WPP today reported a surprise return to revenue growth in the first quarter as clients began to increase their marketing spend after a frugal pandemic year.
The London-listed ad giant posted a 3.1 per cent rise in revenue less pass-through costs — its key metric — to £2.3bn for the first three months of the year.
This was compared to a 6.5 per cent drop in net sales in the fourth quarter and beat analyst expectations of a 1.5 per cent decline.
The positive figures mirrored similar upbeat updates from rivals Publicis and Omnicom, suggesting the first signs of recovery in the global advertising market.
WPP chief executive Mark Read hailed a “strong start to the year with a return to growth in all business lines and most major markets”.
“I think the key face is that clients can see a strong recovery in consumer demand as the year progresses,” he told City A.M. “Also we’re seeing a number of companies really invest and reinvent their business for the future.”
Shares in WPP were up more than 3.5 per cent in morning trading.
The ad behemoth’s strongest trading came in China, where revenue surged more than 18 per cent. The UK posted strong growth of 3.9 per cent, while the US ticked up 0.7 per cent.
Under boss Read WPP has pursued a strategy of combining its digital and data capabilities with its creative agencies in an effort to update the group for the modern advertising market.
The company posted 2.8 per cent revenue growth at its global integrated agencies, with VMLY&R the best performer. Its media buying arm Group M also performed strongly, with 5.8 per cent growth.
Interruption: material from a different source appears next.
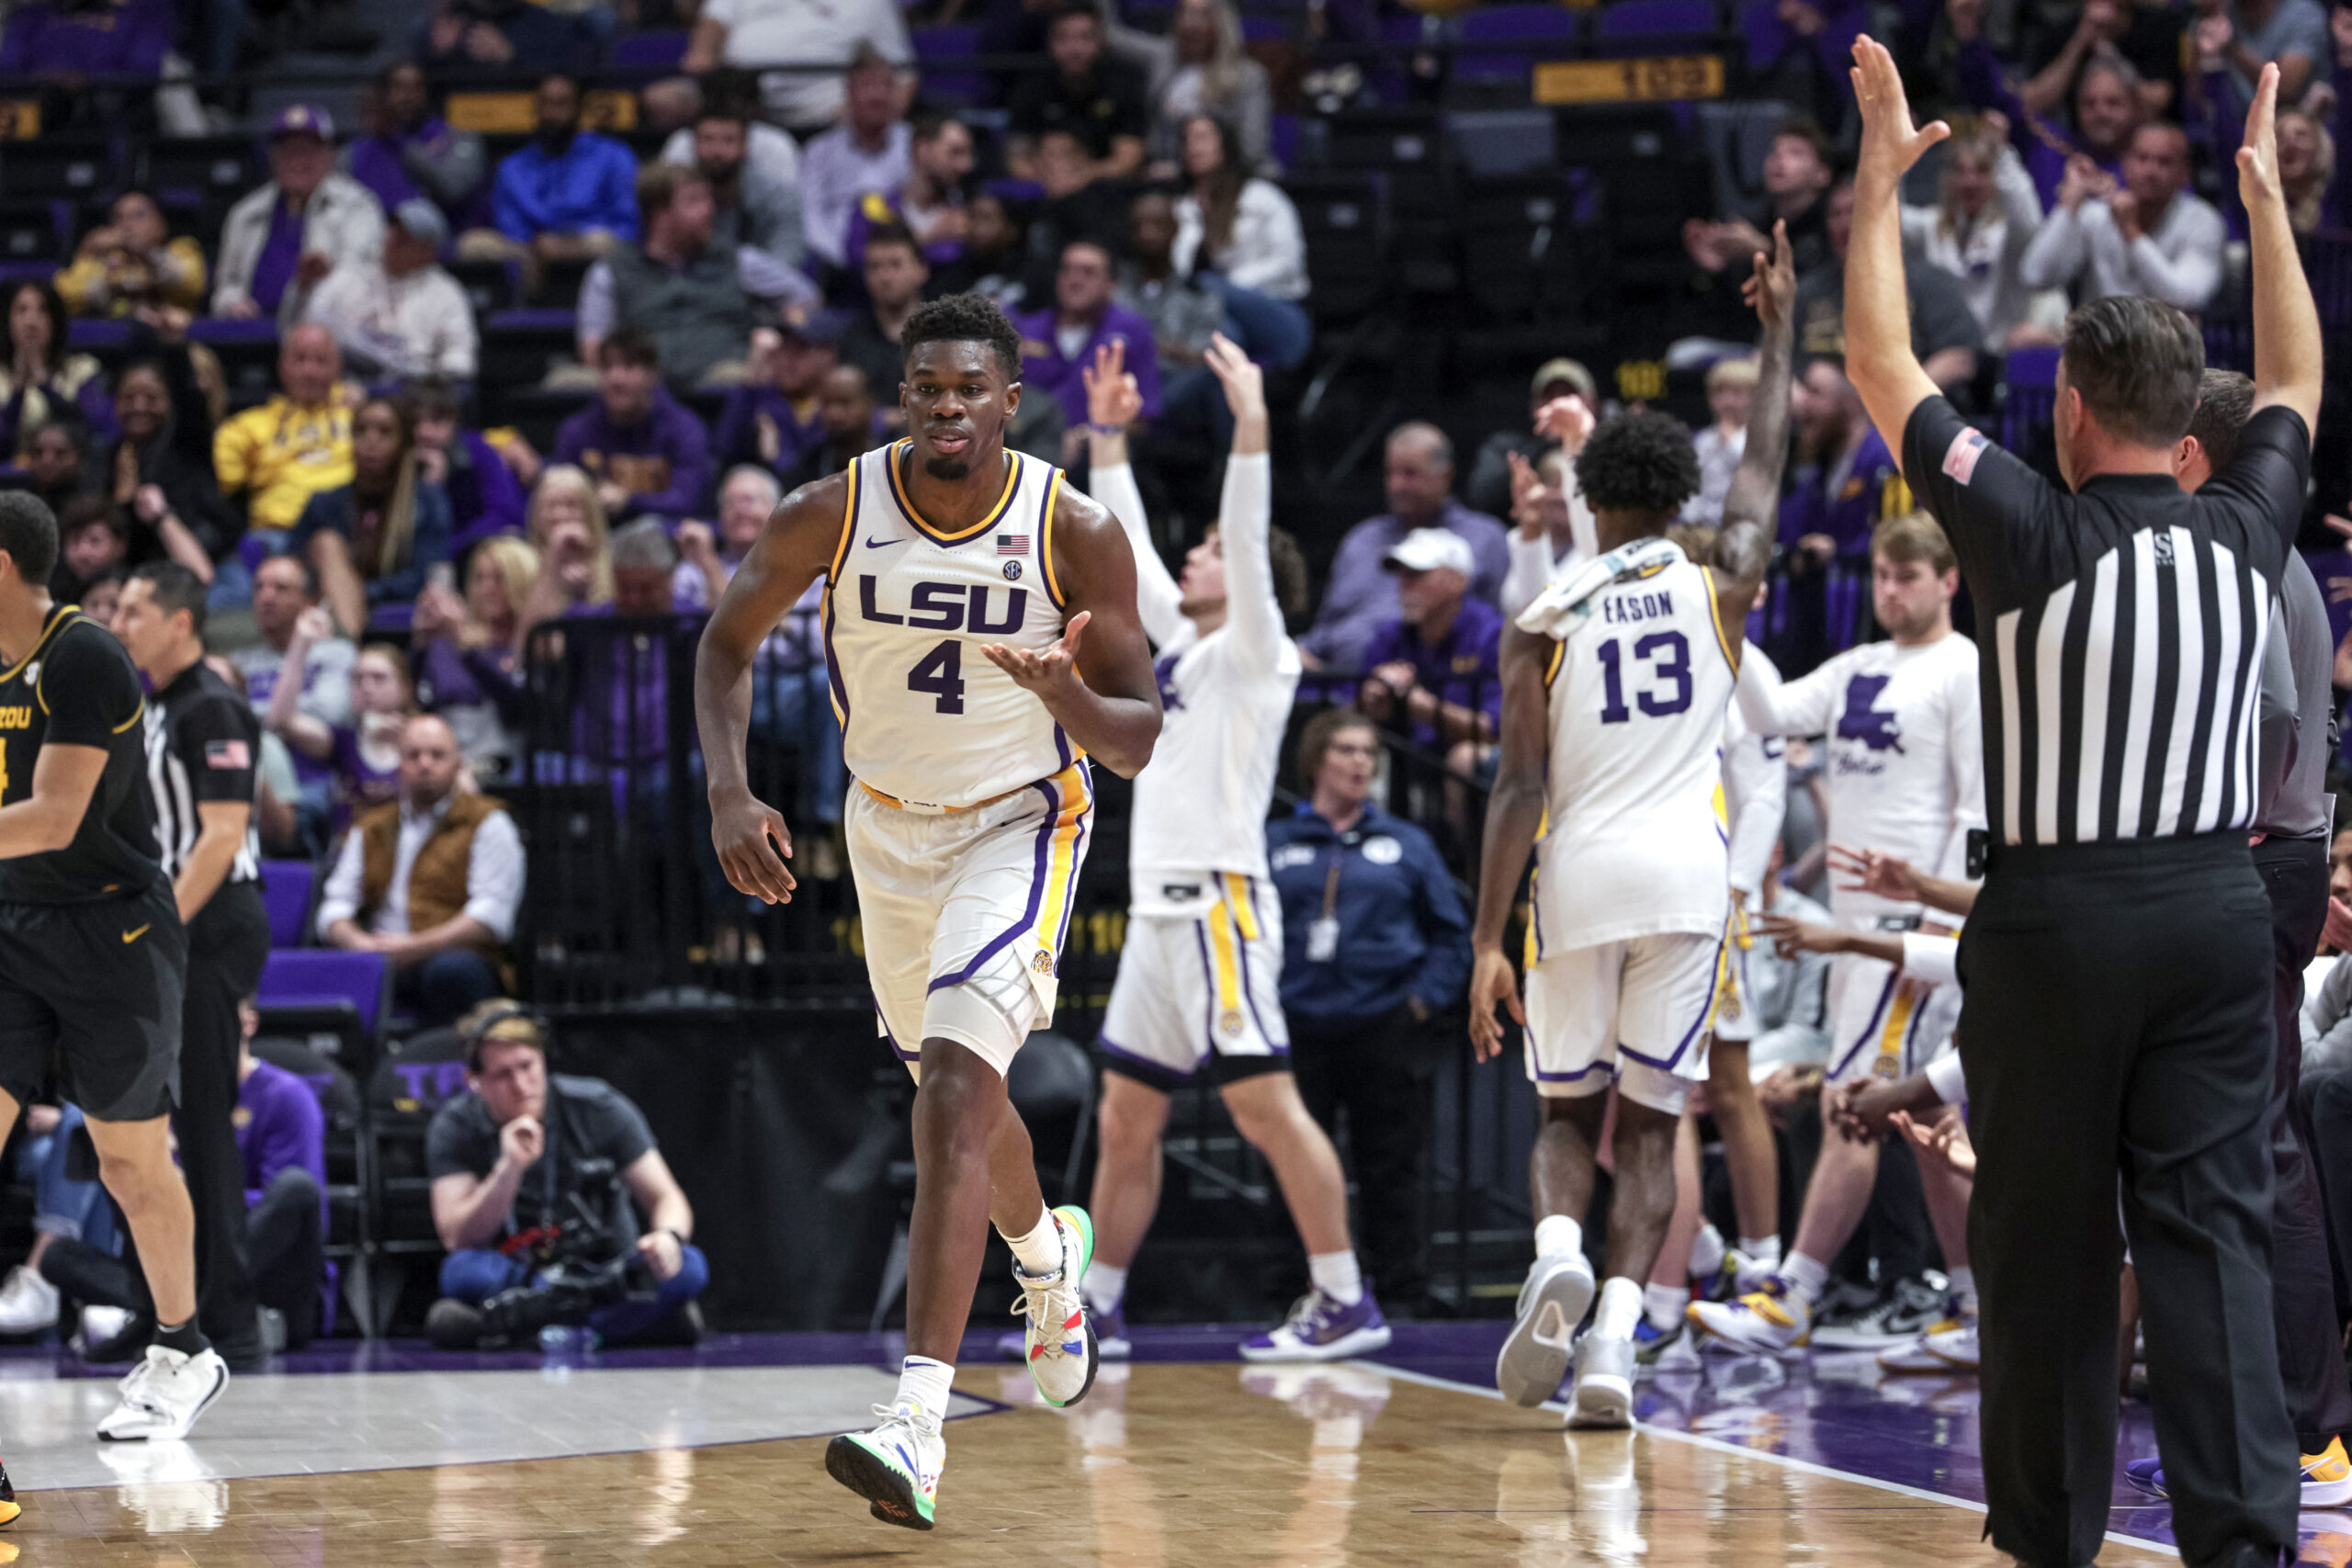 Where LSU stands in latest bracket projections

WPP reported increased business in sectors including ecommerce, technology and brand identity.
Public relations divisions were up two per cent, driven by strong trading at specialist firms Finsbury Glover Hering and H+K.
WPP said it had won $1.3bn of net new business over the quarter, securing work from clients including Absolut, JP Morgan and Salesforce.
“The roll-out of vaccines is improving visibility in many markets, although there is inevitably uncertainty over the pace of recovery,” Read said.
The ad boss added that WPP was making good progress in its transformation programme and reiterated its forecasts of mid single-digit growth for the full year.
“Relief oozes from these results as the bounce back has clearly begun in the ad world with mothballed projects dusted down and the squeeze on budgets eased,” said Susannah Streeter, senior investment and markets analyst at Hargreaves Lansdown.
Streeter added that the results were a “milestone” in WPP’s turnaround but warned “caution is still the name of the game”.